We can either be the central player in managing a new generation of financial technology,
promoting dollar dominance, protecting consumers, and preventing illicit finance,
or we can leave it to other countries to provide a framework for us.
Leaving it up to other countries would be a grave mistake.
The United States must have a seat at the table.
Of course, if you listen to me at all talk about this, you've heard this same narrative
around promoting the use of the dollar in the digital age,
but it's been pretty rare to hear that repeated in Washington.
So what about the provisions of the bill? Well, let's start with the straightforward measures.
The bill prohibits algorithmic stable coins. Full stop. On the one hand, this is pretty understandable
after the very public failure of Luna UST, but as many are noting, the definition seems broad
enough to prevent other novel structures like Die from gaining approval in the U.S. as well.
Issuers are required to maintain one-for-one reserves in high-quality liquid cash equivalents
with an obligation to redeem tokens into dollars. Monthly reserve attestations and annual
audited financials must be filed, and issuers are also required.

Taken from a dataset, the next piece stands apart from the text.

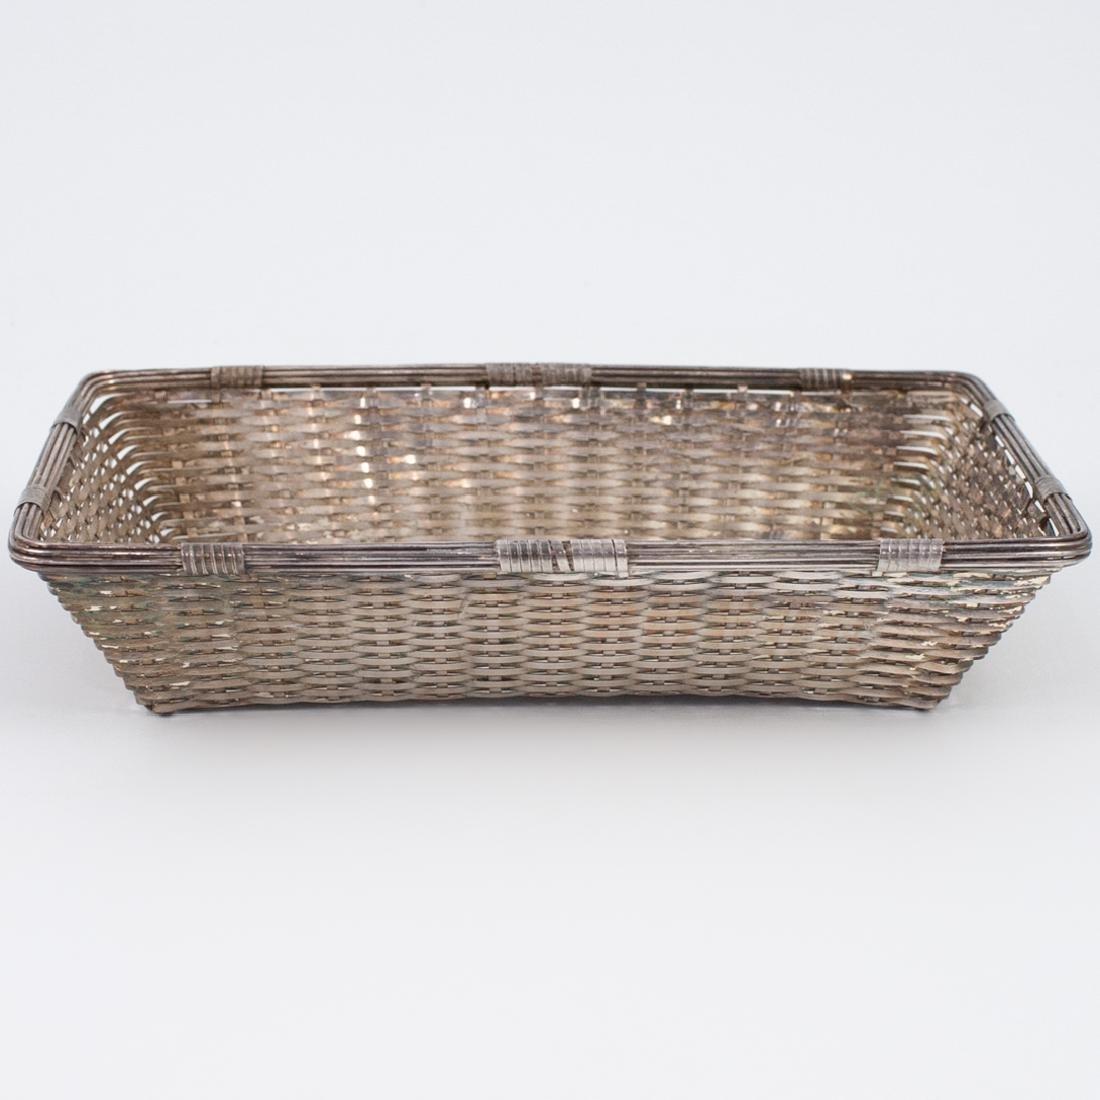 Christofle Silver-Plated Basket - 2

to implement anti-money laundering provisions and comply with sanctions. At this point, these
measures are table stakes on any stablecoin regulation, so they come as no surprise. One wrinkle
on this point, though, it's not clear whether compliance would be required for every on-chain
transaction or just creations and redemptions. That would likely come down to how regulations are
enforced, but it highlights the risk of imposing a huge compliance burden. Where the bill gets
interesting is in designating which entities can issue stable coins and how they will be supervised.

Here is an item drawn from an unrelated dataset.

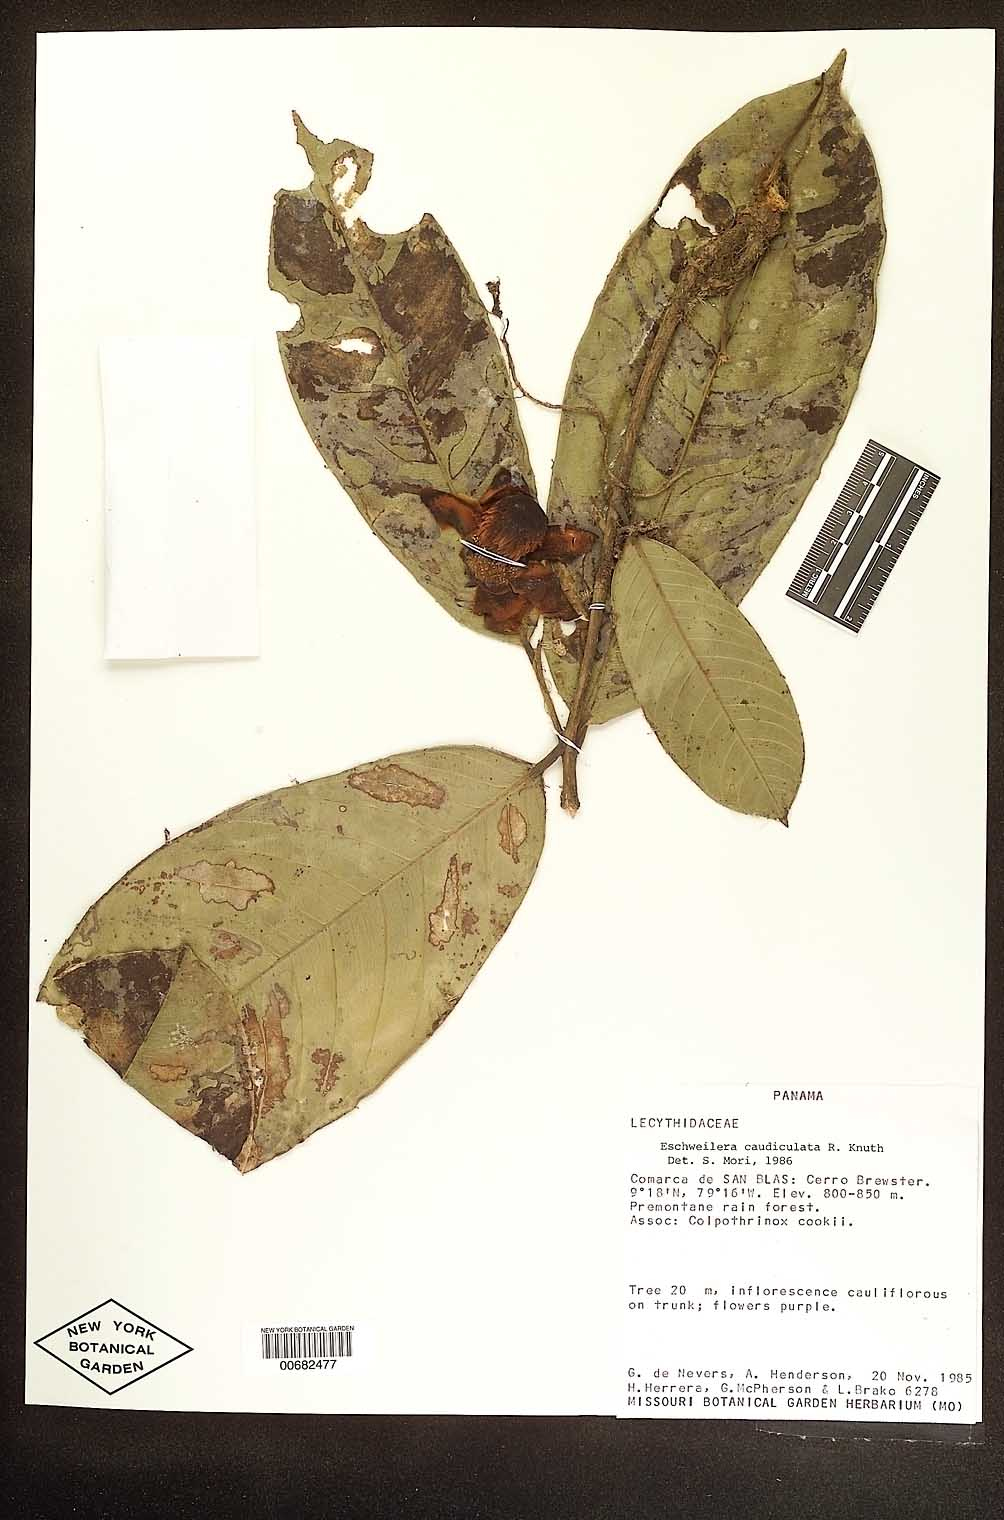 Eschweilera caudiculata image

The legislation allows state and federal banks to issue stablecoins under their existing charter.
It also allows state-regulated non-depository trust institutions to issue stablecoins up to a $10 billion market cap.
The bill provides that stable coin issuers will be regulated by state and federal agencies as appropriate, but two things stand out here.

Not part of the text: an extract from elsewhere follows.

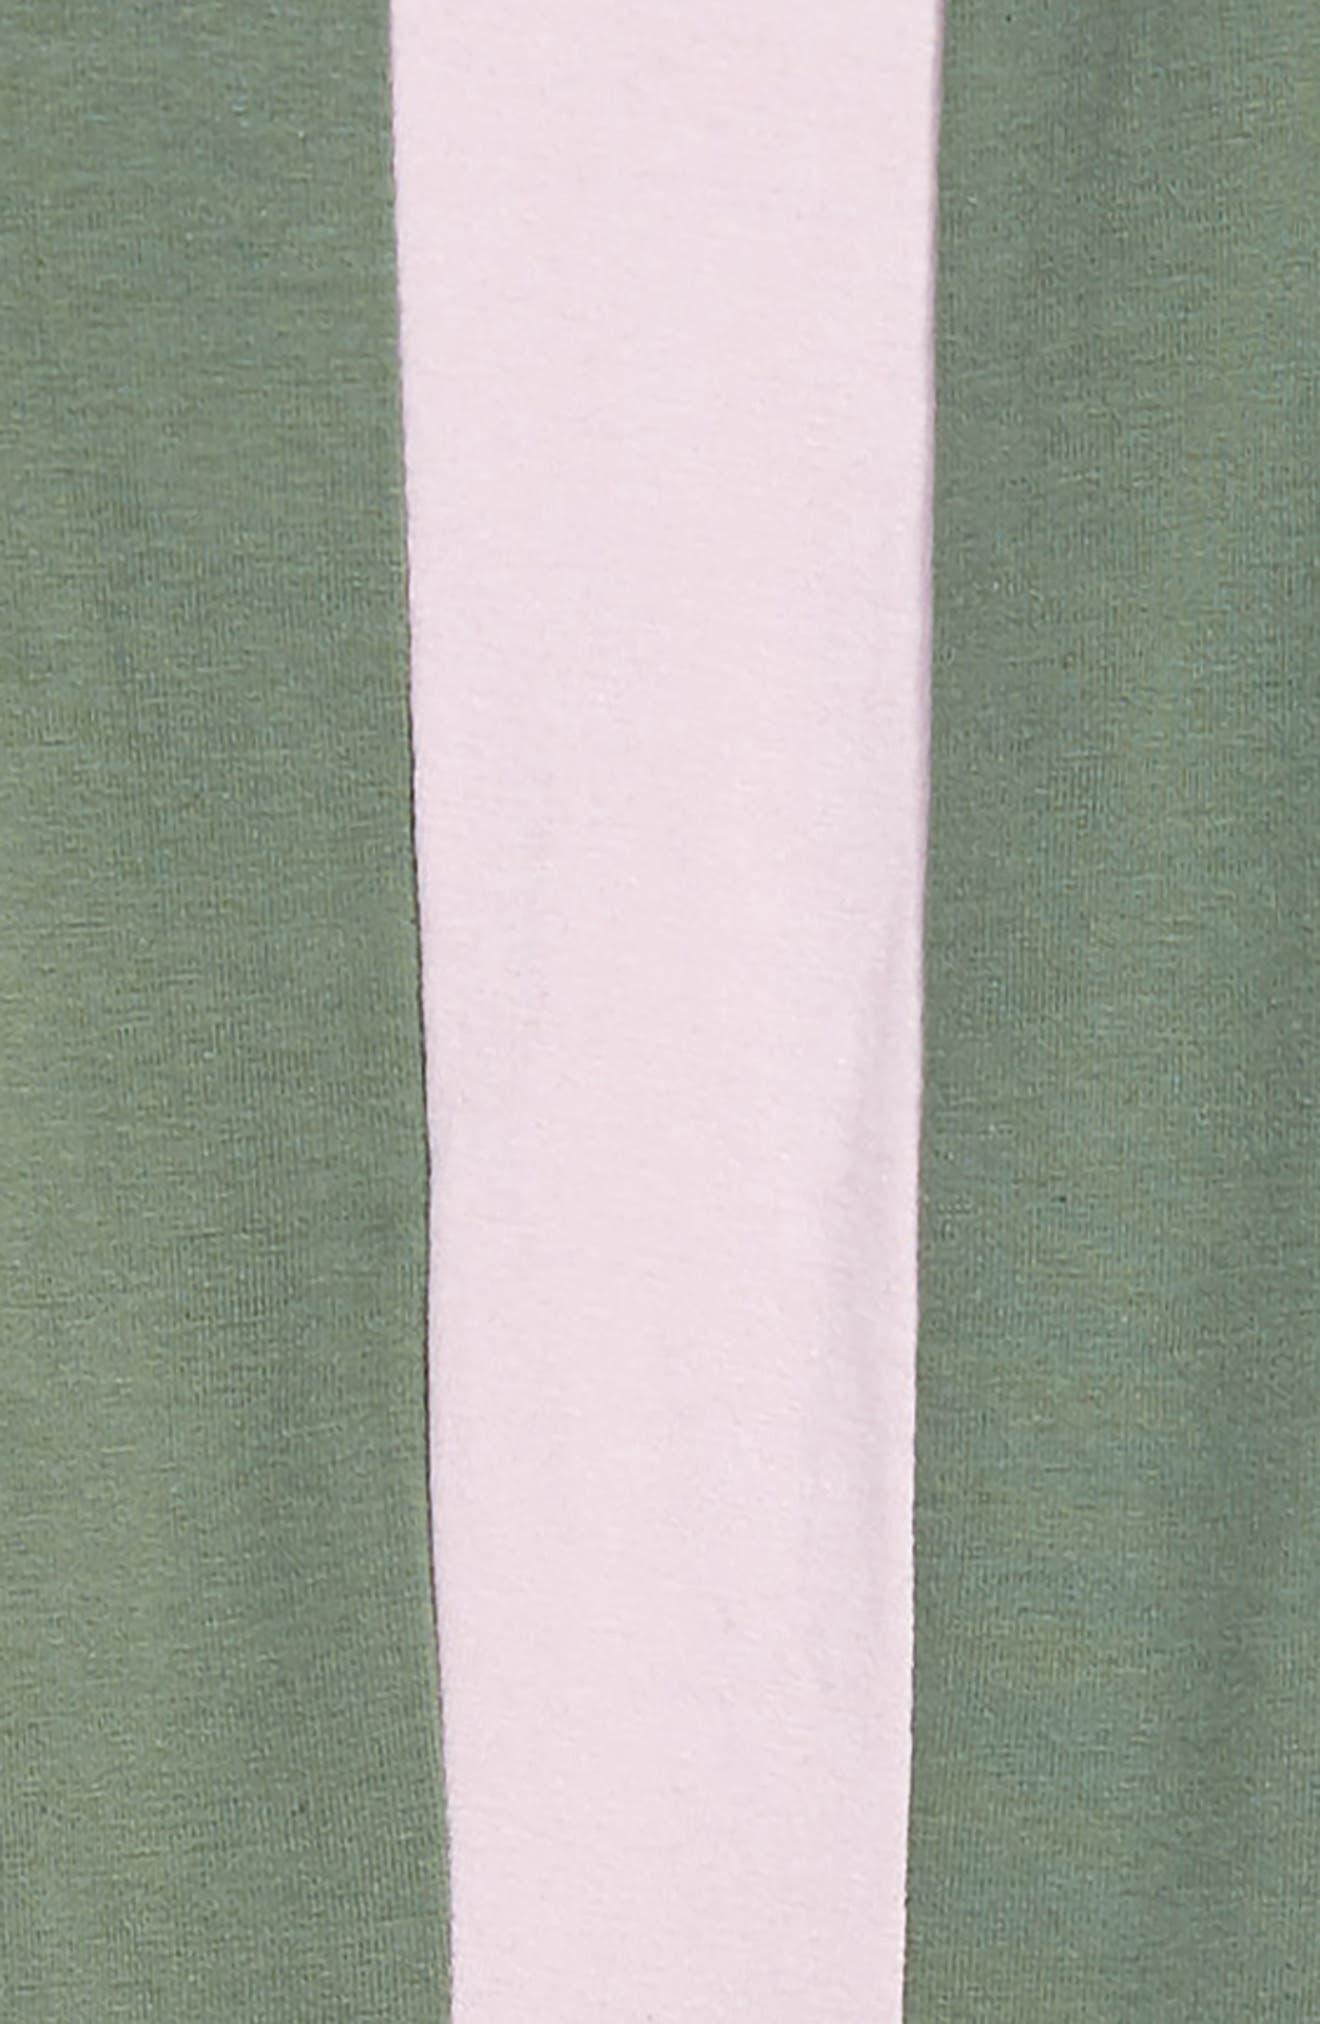 T7 Leggings,                             Alternate thumbnail 2, color,                             385

First, Circle doesn't have any of these corporate structures in place, so we'd need to seek further licensing to continue operating.
That's not impossible. Paxos, for example, has a limited purpose trust charter in New York State,
but if regulators are hesitant to hand out new licensing, this could disrupt Circle's business.
Secondly, this is a large departure from the way the House bill licenses stablecoin issuers.
This bill essentially turns stablecoin issuers into a limited type of bank.
Llamis and Gillibrand in fact stated this was an explicit goal of the legislation.
By allowing space for both state and federal banks to participate, the bill seeks to, quote,
preserve the dual banking system.
Another big difference here is that insolvencies of stablecoin issuers will be dealt with by the FDIC.
The bill establishes a new regime for dealing with stablecoin failures, but it seems
in line with the way that bank failures are dealt with. And putting stable coins within the FDIC insurance
umbrella seems like a big ask for skeptical Democrats. Overall, the bill seems a bit less like a
straightforward ratification of existing stablecoin businesses and more like a reshaping of the
banking system for the digital age. Whether that the right or the wrong approach, it is certainly a
more ambitious approach than the House Stablecoin bill. Lummison-Gillibrand have been working on this
bill for months and seem to think it's the correct way to go about this type of regulation.
In a statement, Gillibrand said, to draft the strongest bill possible, our offices
work closely with the relevant federal and state agencies, and I'm confident this legislation can
earn the necessary support in the Senate and the House.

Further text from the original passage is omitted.